- EXTRACTED INFORMATION
'''
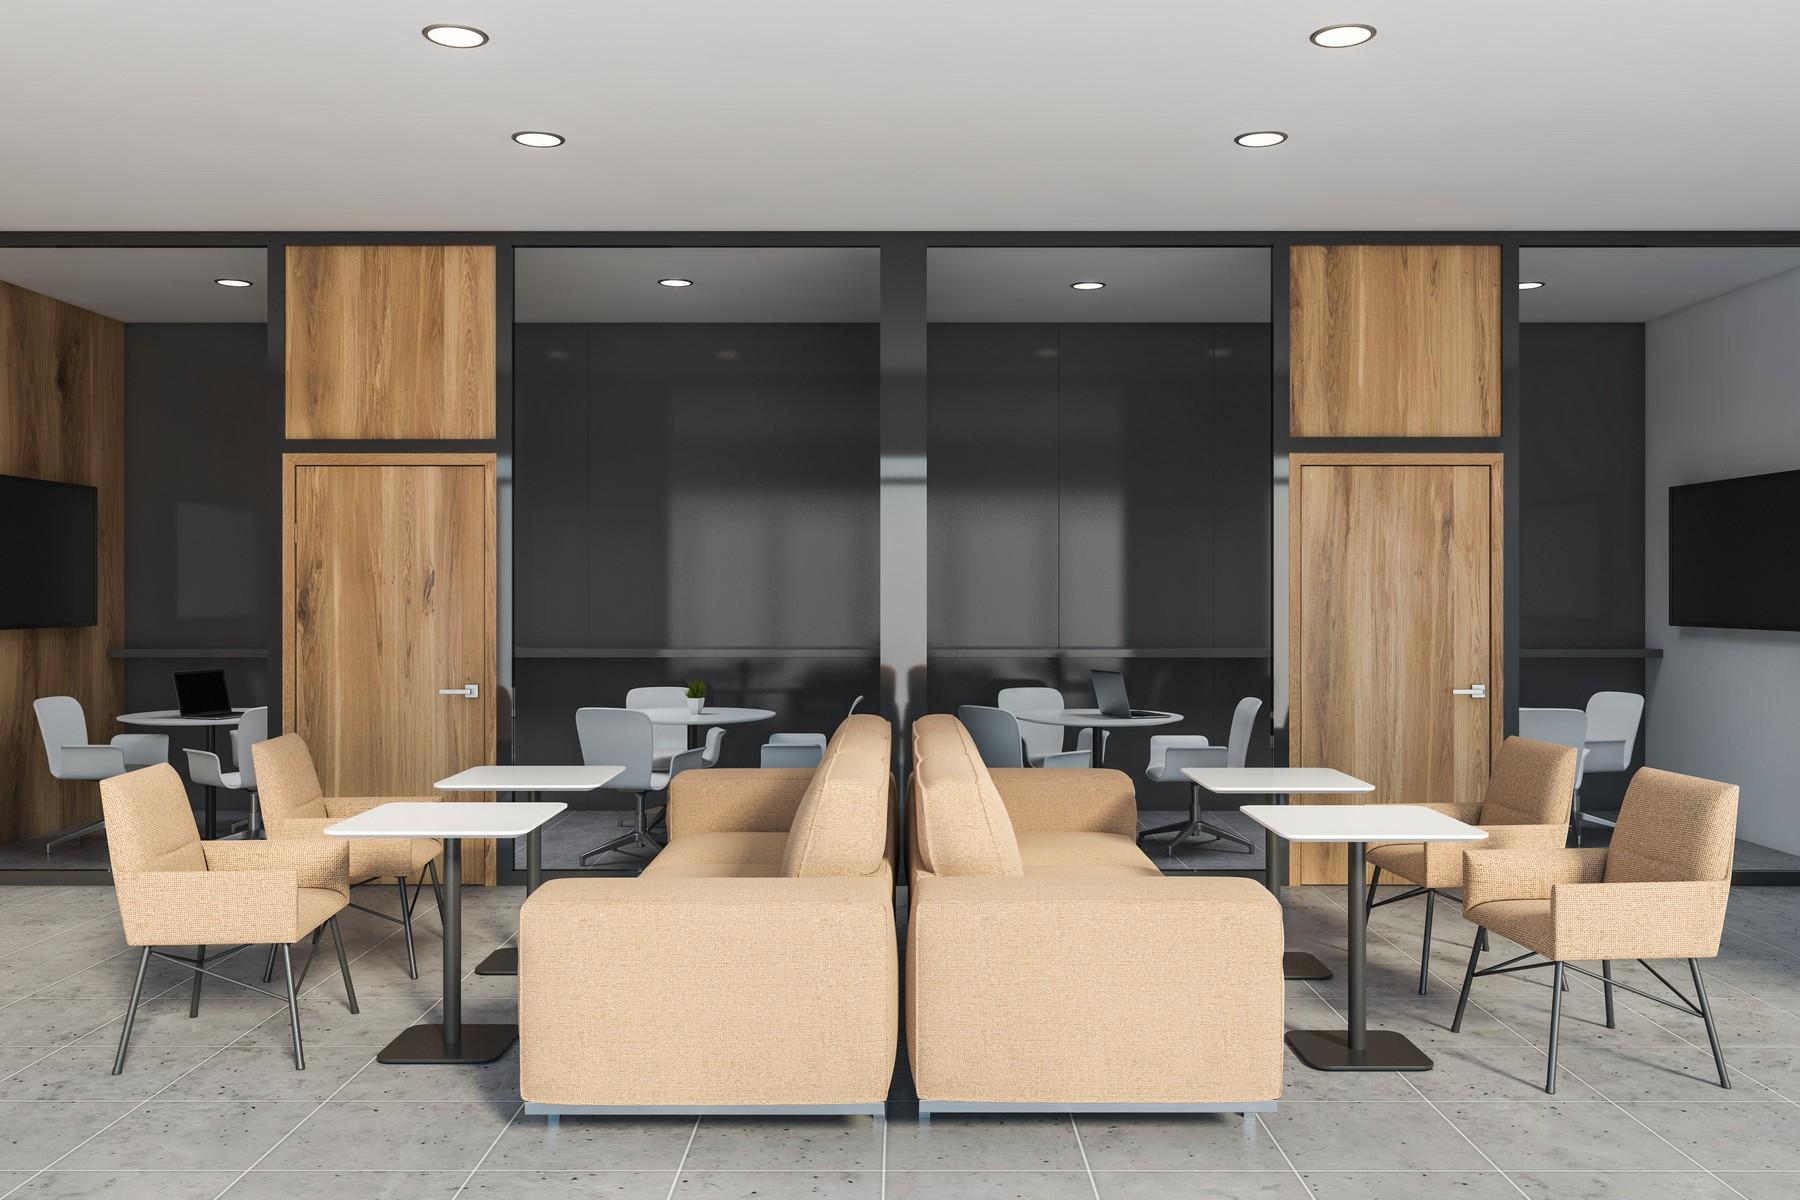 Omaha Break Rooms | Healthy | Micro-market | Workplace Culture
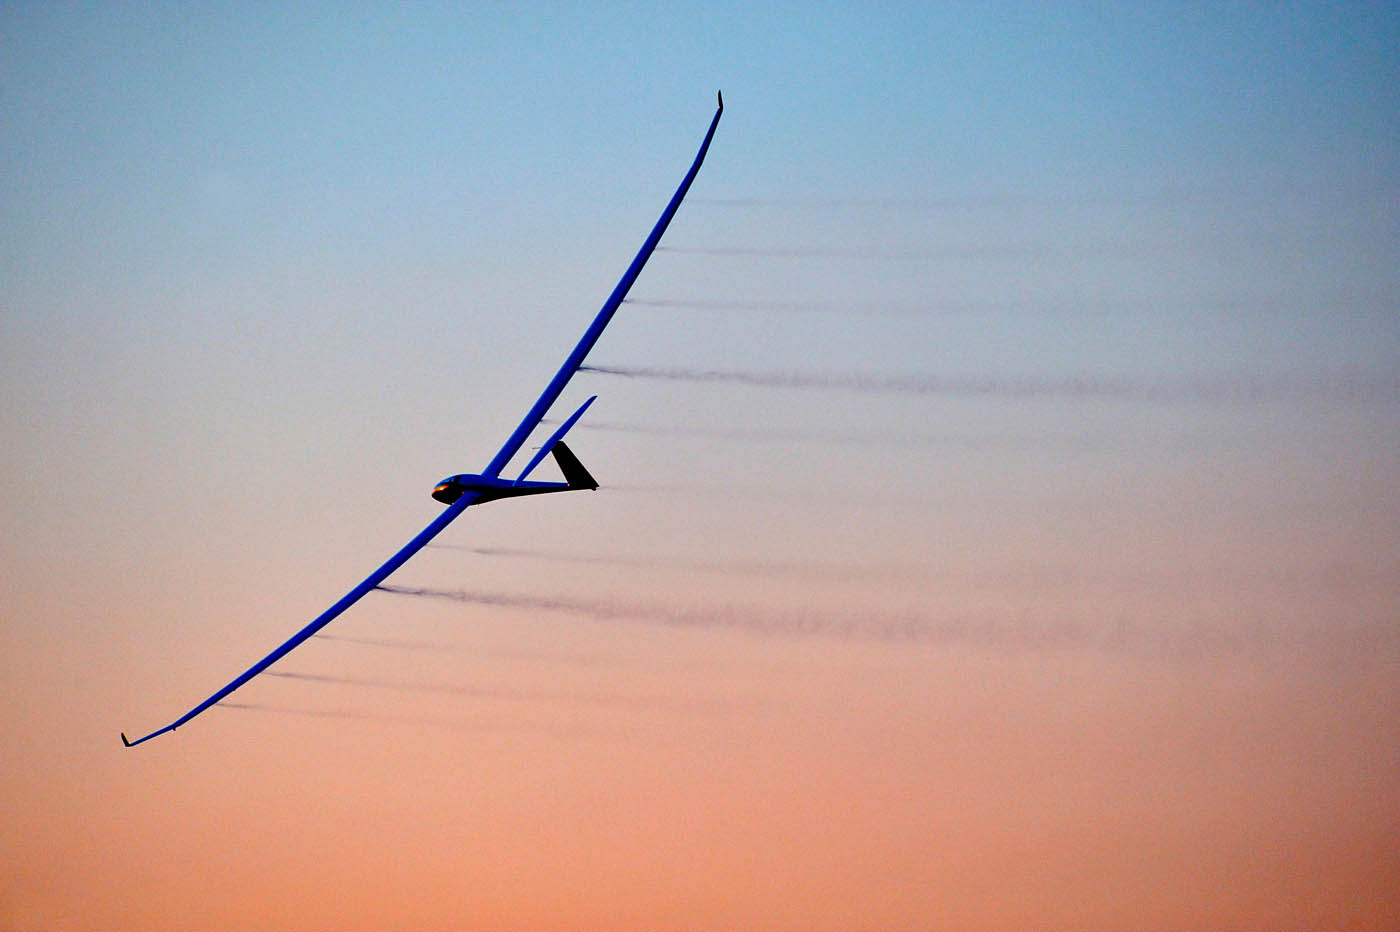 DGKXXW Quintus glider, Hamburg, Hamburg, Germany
'''
'''
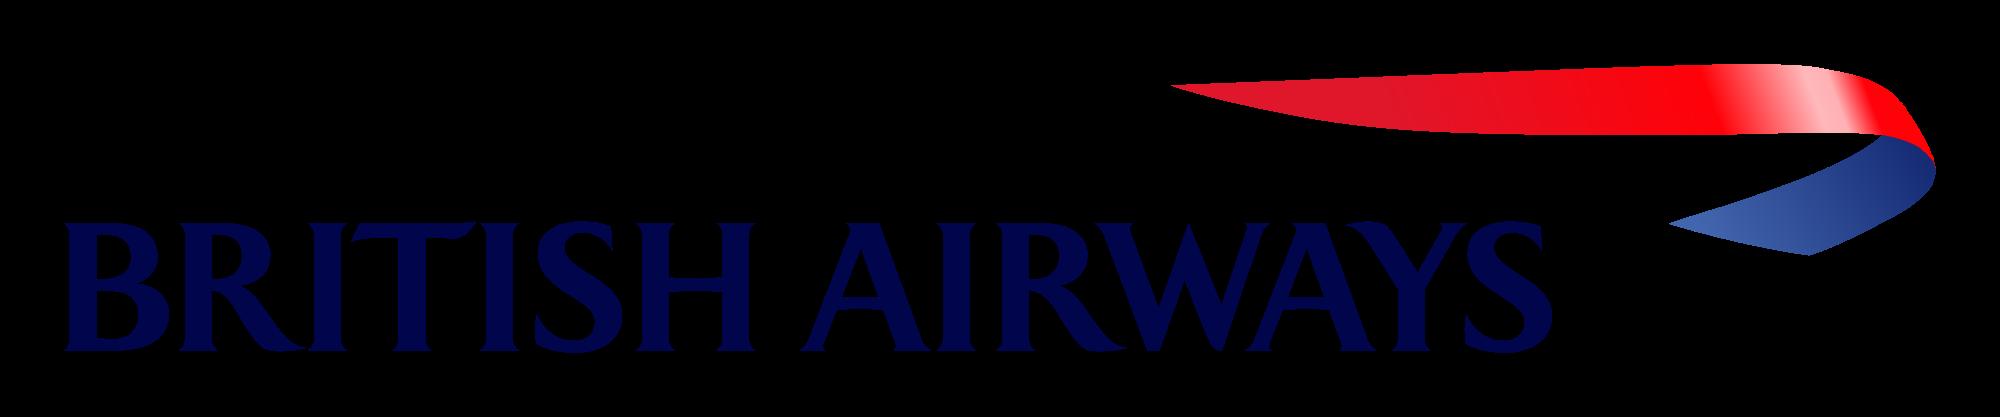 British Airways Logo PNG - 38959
'''
Transcribe only this stretch of the data: the line with "Omaha Break Rooms", the line with "DGKXXW Quintus glider, Hamburg, Hamburg, Germany", and every line in between. Leave out the pictures.

- SOLUTION
 Omaha Break Rooms | Healthy | Micro-market | Workplace Culture
 DGKXXW Quintus glider, Hamburg, Hamburg, Germany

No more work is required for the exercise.